But in these days of "Here's a trophy for everyone! We're all winners!" you apparently no longer have to control a city to insist that you do.
When the press goes along with a lie -- and AP, THE WALL ST. JOURNAL and IRAQI SPRING MC are the exception to the non-stop lying since most outlets and Tweeters can't stop insisting that Ramadi is liberated -- it's because the government's going along with the lie.
While the Iraqi government is going along with the lie, the US government wasn't so quick to hop in bed with the lie as evidenced by this statement the US State Dept issued:
Press Statement
"As the mission is completed," "not yet fully secure and additional parts of the city still must be retaken . . ."
Let's take a look at some of the 'reports' from the Judith Miller wing of Twitter:
Also, of course, all of you have seen in the news today, but I wanted
to note events in Ramadi and the fact that we commend, rather, the
Government of Iraq and the brave Iraqi forces that have displayed such
tremendous perseverance as well as courage in the fight to return
Ramadi, the capital of Anbar province, back to the Iraqi people. The
coalition has supported this operation every step of the way with
hundreds of airstrikes and through our train, advise, and assist program
and has assisted Iraqi forces to effectively maneuver and counter
ISIL’s maneuvers and tactics in this very complex environment.
While there’s still clearly a lot of work to be done to reclaim all
of Ramadi – the remaining portions of Ramadi – and fully secure the
city, and while these operations will take time, Iraqis’ forces gains in
the city are dealing a significant blow to ISIL and exemplify the
capability of Iraqi Security Forces and the effective coalition air
power when working in conjunction with skilled partners on the ground.
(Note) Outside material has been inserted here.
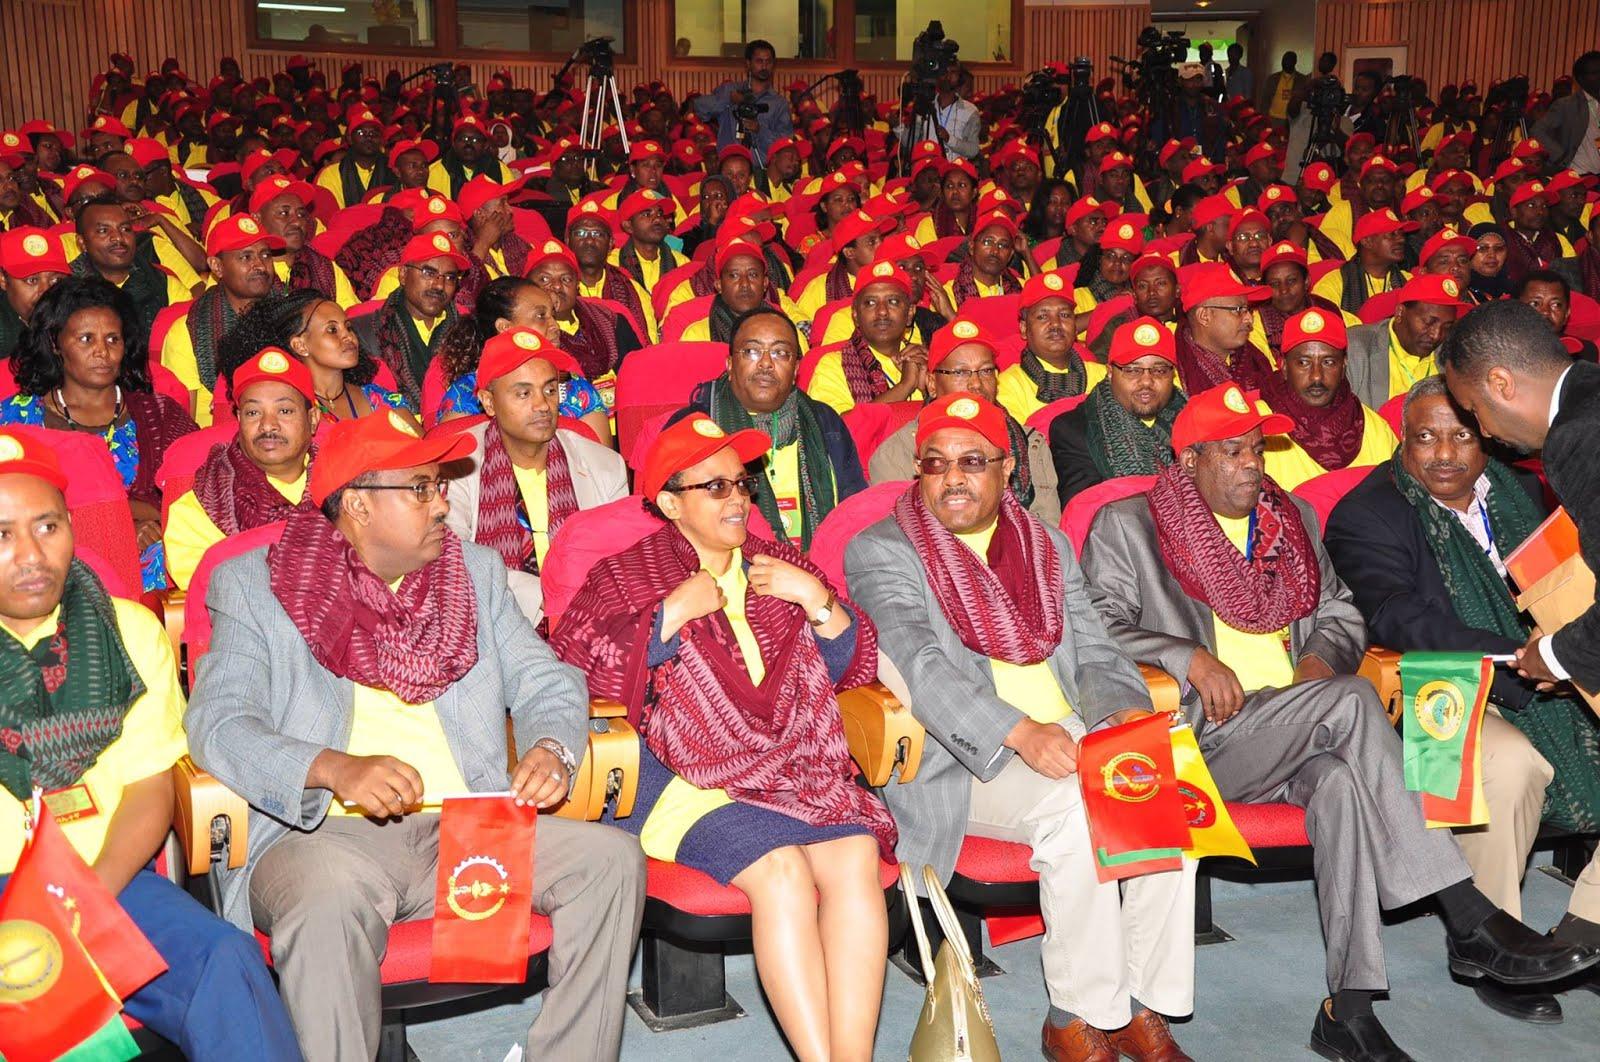 <Rumors on Next EPRDF Congress in Mekelle: Convention for Alliancing or Splitting?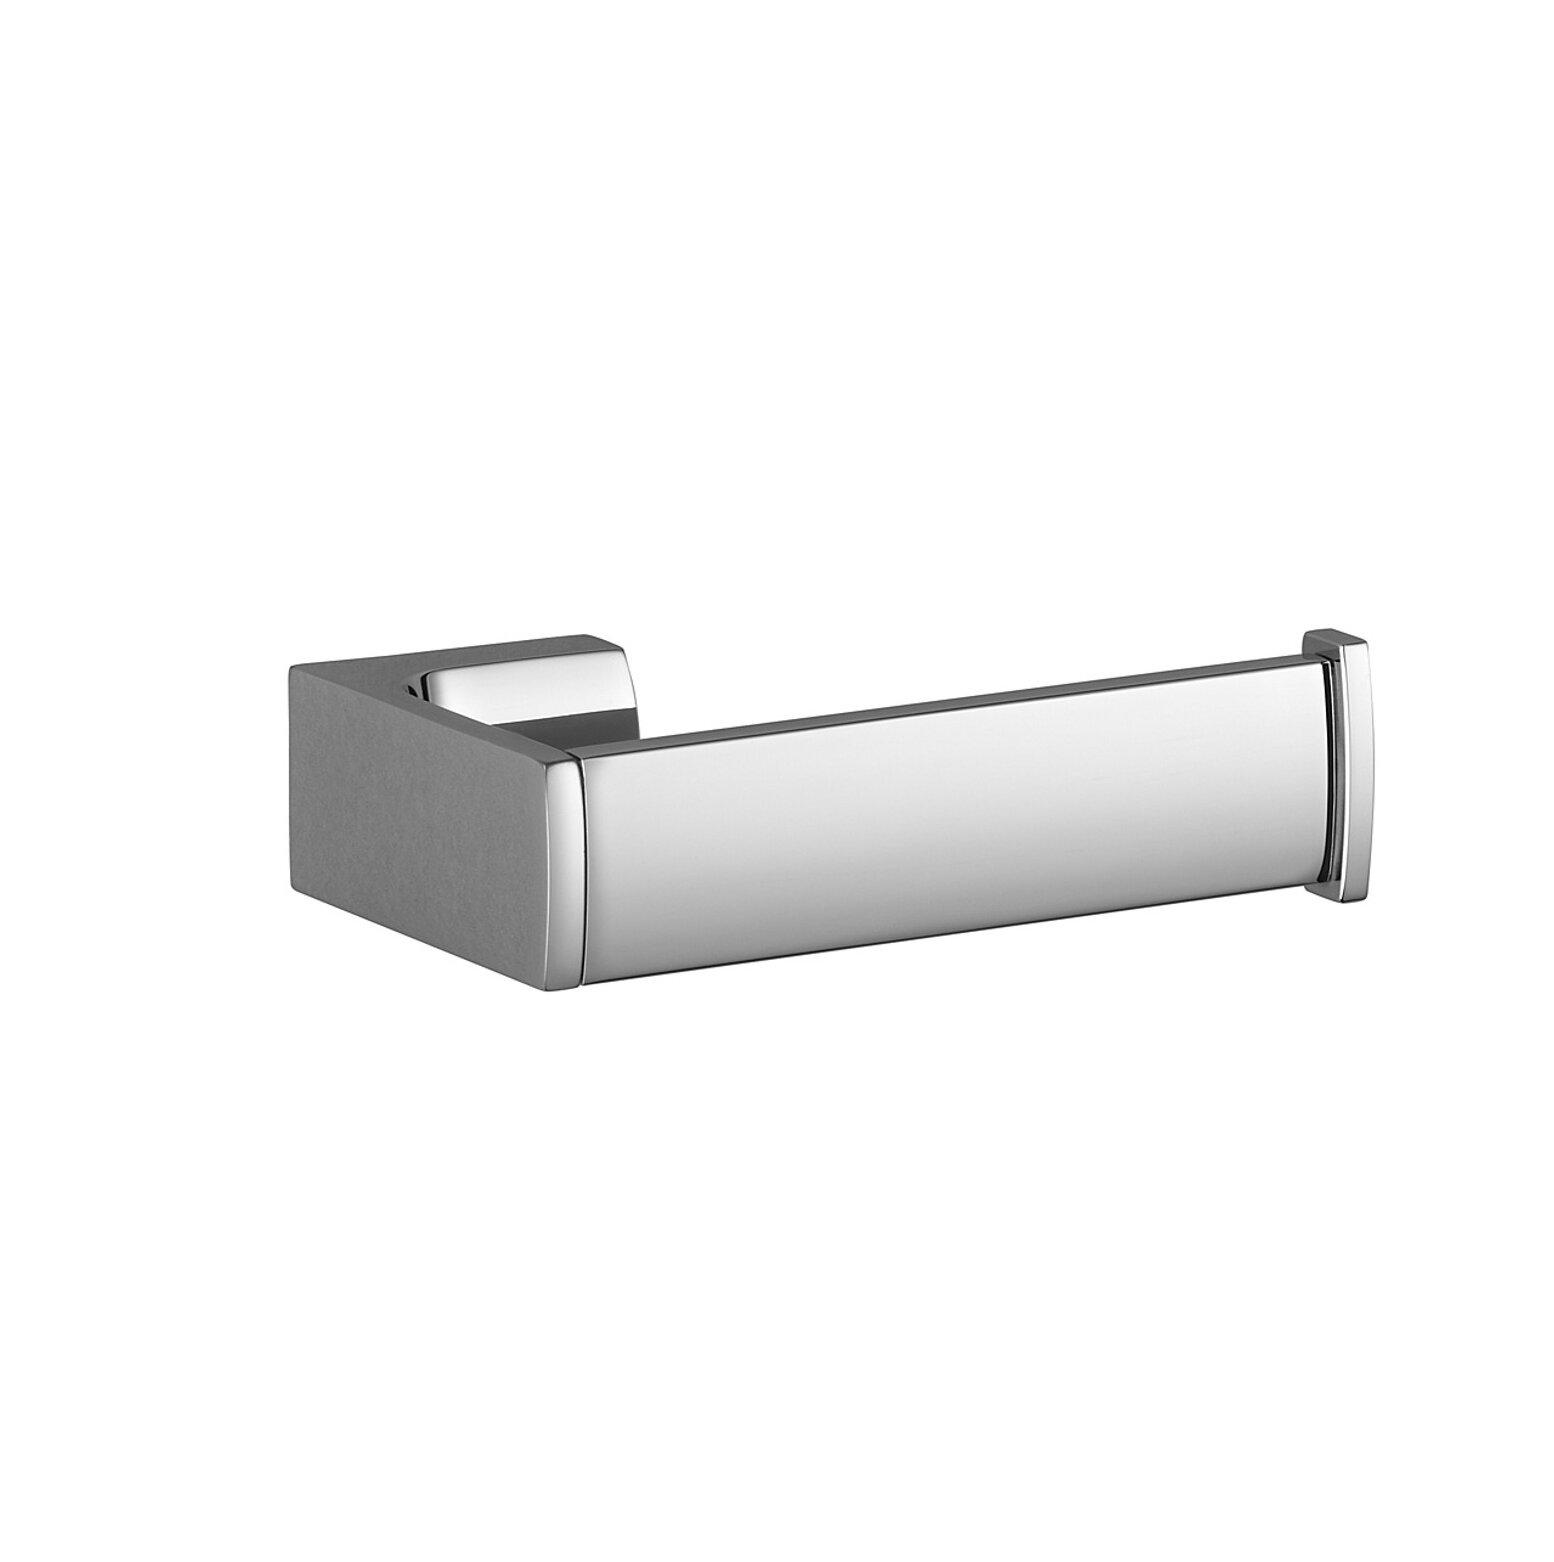 Brilliant Villeroy Boch Bathroom And Wellness Wayfair Co Uk Download Free Architecture Designs Intelgarnamadebymaigaardcom

We think this is indicative of the – that the strategy we’re currently
pursuing is having an effect. It is consistent with our national
security interests. In order to address this problem over the long term,
we need to build up the capacity of Iraqi forces who continue to battle
to take back their country from the – from this barbaric organization.
McLeary sees the issue of post-liberation in Ramadi to be one of Sunni troops in the city.
Sunni troops were in the city.
That didn't stop the Islamic State from getting its toehold in Iraq.
It got its toehold because Sunnis are persecuted by the central government out of Baghdad.
They were persecuted when Nouri al-Maliki was prime minister and they are persecuted today.
Before the Islamic State began seizing territory, this was known if you bothered to look.
We stated here that this would happen.
It started in 2010 when the US overruled Iraqi voters and Barack Obama -- via The Erbil Agreement -- gave Nouri a second term when he lost the 2010 elections.
Nouri used The Erbil Agreement to get the second term but refused to honor it.
Iraqiya (led by Shi'ite Ayad Allawi), the Kurds, the Sunnis (Saleh al-Mutlaq, Osama al-Nujaifi, etc), Shi'ite cleric and movement leader Moqtada al-Sadr came together to tell Nouri that if he didn't honor the agreement they would hold a no-confidence vote in the Parliament.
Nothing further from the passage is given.